Tired AF we reached Città Alta. The scenery was breathtaking, people were super stylish and the sun was shining and warming us. The first thing drawing my attention on the streets of Bergamo was undoubtedly a crowd of very chic individuals parading through the sunny streets (did I mention it was Sunday?) and then the smell of freshly-baked bread and our favourite croissants! First stop: café. Quick espresso and let’s hit the road. We also got ourselves a huge bag of various sweet pastries to make the day even brighter and went to the funicular which was supposed to take us to the next hill. As you’re probably already suspecting, this couldn’t end as a success either – it turned out that the upper funicular is out of service taking advantage of the low season. So what, shall we climb even higher? Sure thing!
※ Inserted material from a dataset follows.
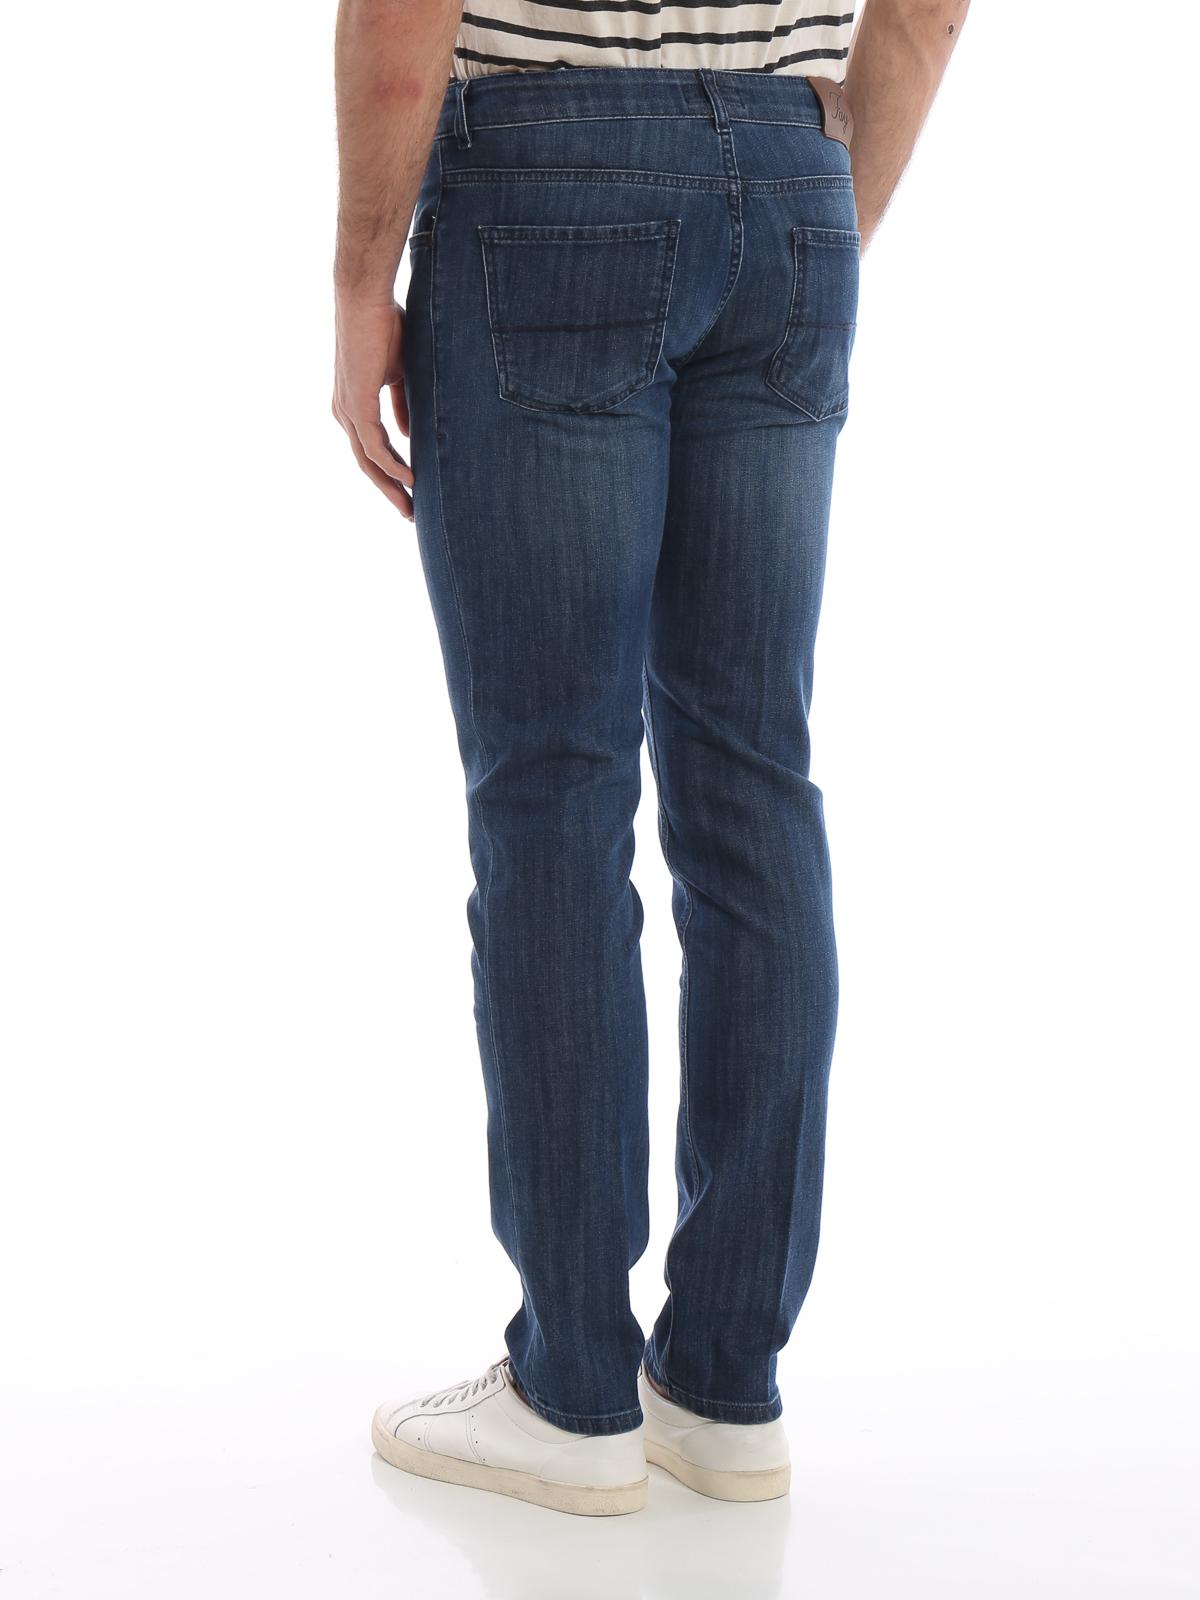 Fay Denim Five Pocket Slim Jeans in Dark Wash (Blue) for Men - Lyst
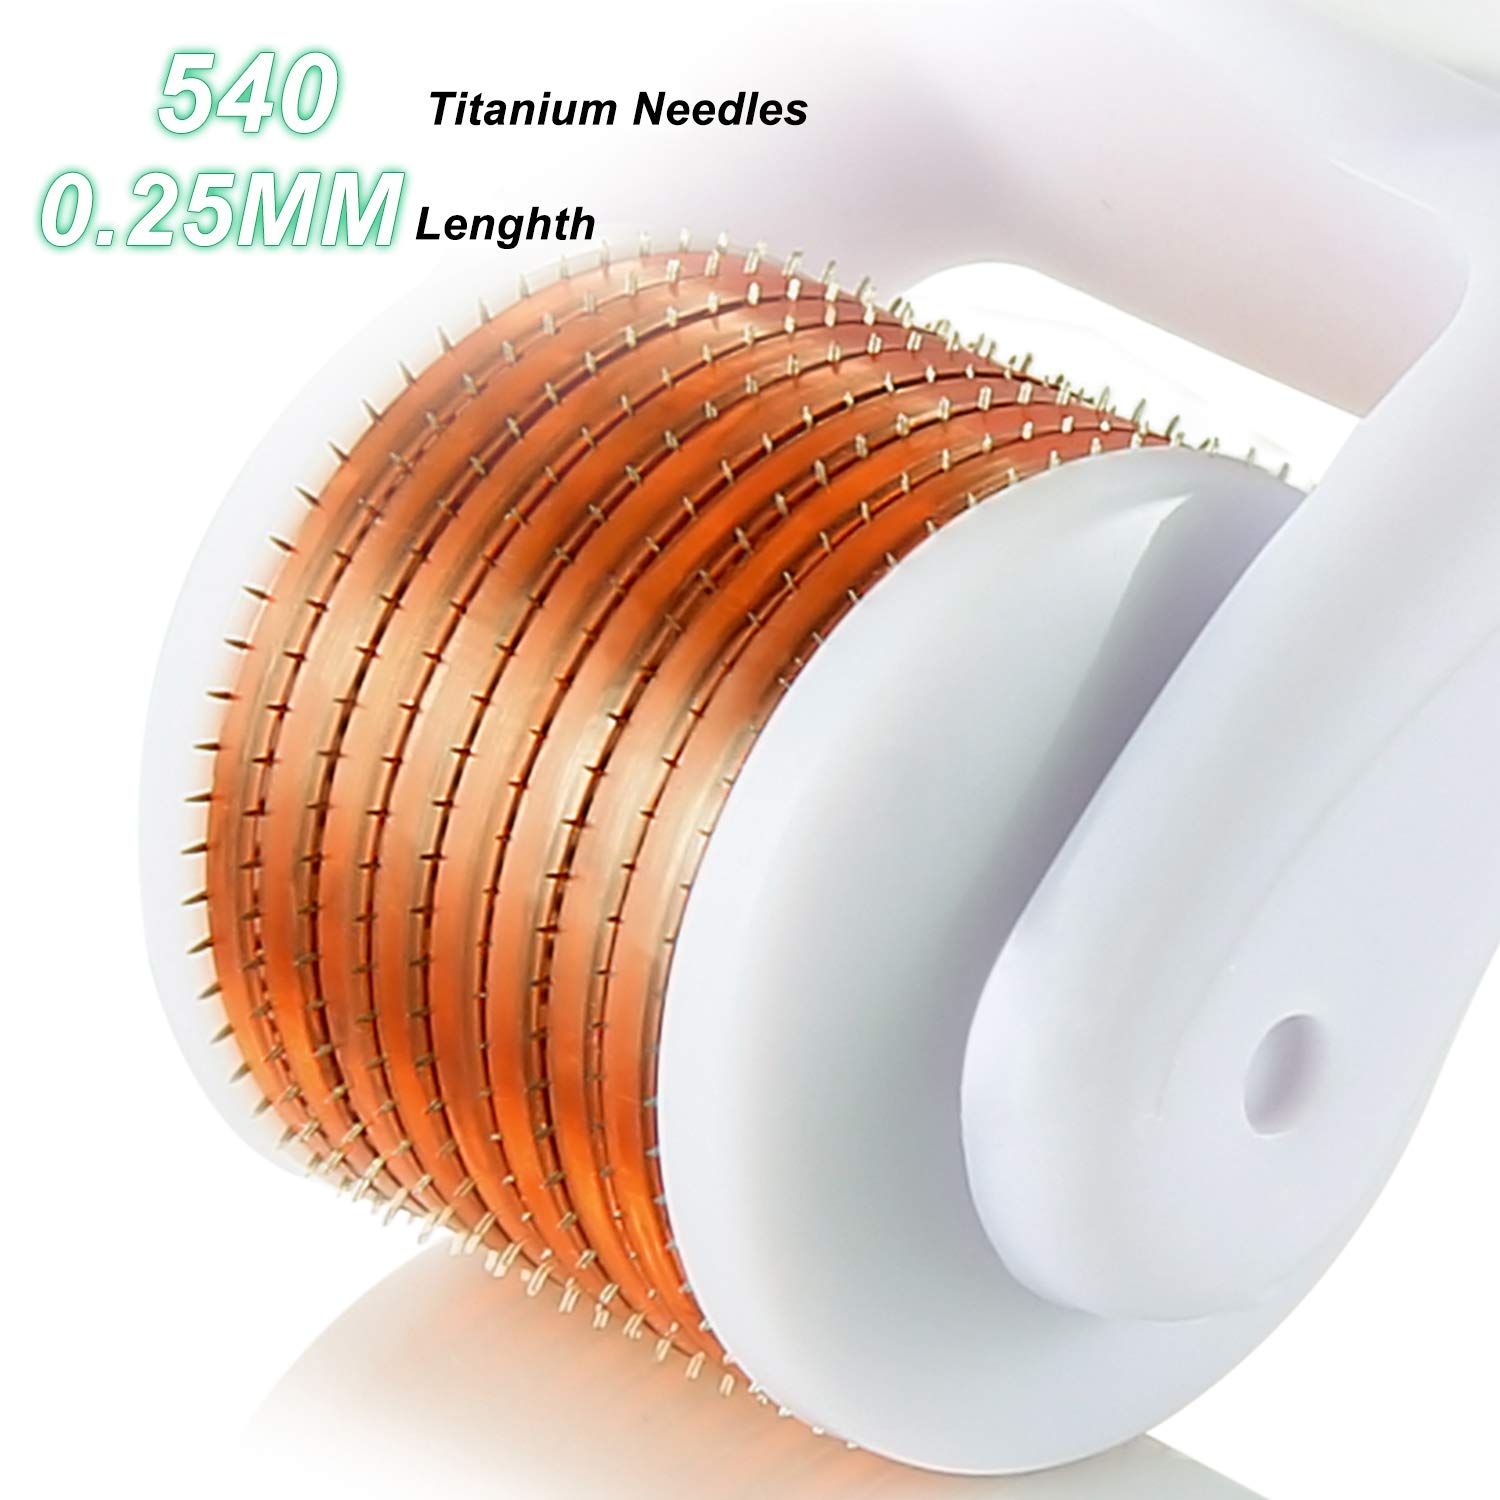 Koi Beauty Derma Roller 0.25mm Microneedling Needle Roller 540 Microneedles

Don’t worry, we eventually got to ride the funicular. Down the hill, after we did all those kilomeres on foot in the full sun. Well, I hope at least we managed to burn 1/4 of all the croissants we devoured. Feeling somewhat dissatisfied, we headed back to the train station to get our luggage back and from there we caught a bus to the airport. Luckily for us, this part of the day did not bring us any more (unpleasant) surprises. We will definitely return to Bergamo one day as it deserves more time and attention from the tourist. And we still have some more delicious food to discover there! Maybe next time we will just plan the trip in a way which will allow us to get there on Tuesday morning rather than Sunday afternoon. I feel the laid-back atmosphere would suit the narrow, hilly streets or Bergamo better.



Ave gluten and see you on the next trip once this virus apocalypse is finally over!

And while you’re staying home I recommend to focus more on your Intagram friendships. Who knows, maybe that chick who just commented on your photo will turn out to be the perfect travel companion 😉 Meanwhile time for me to say goodbye and go search for some cheap flights with my tried and true ‘Grazie Resistere’ crew!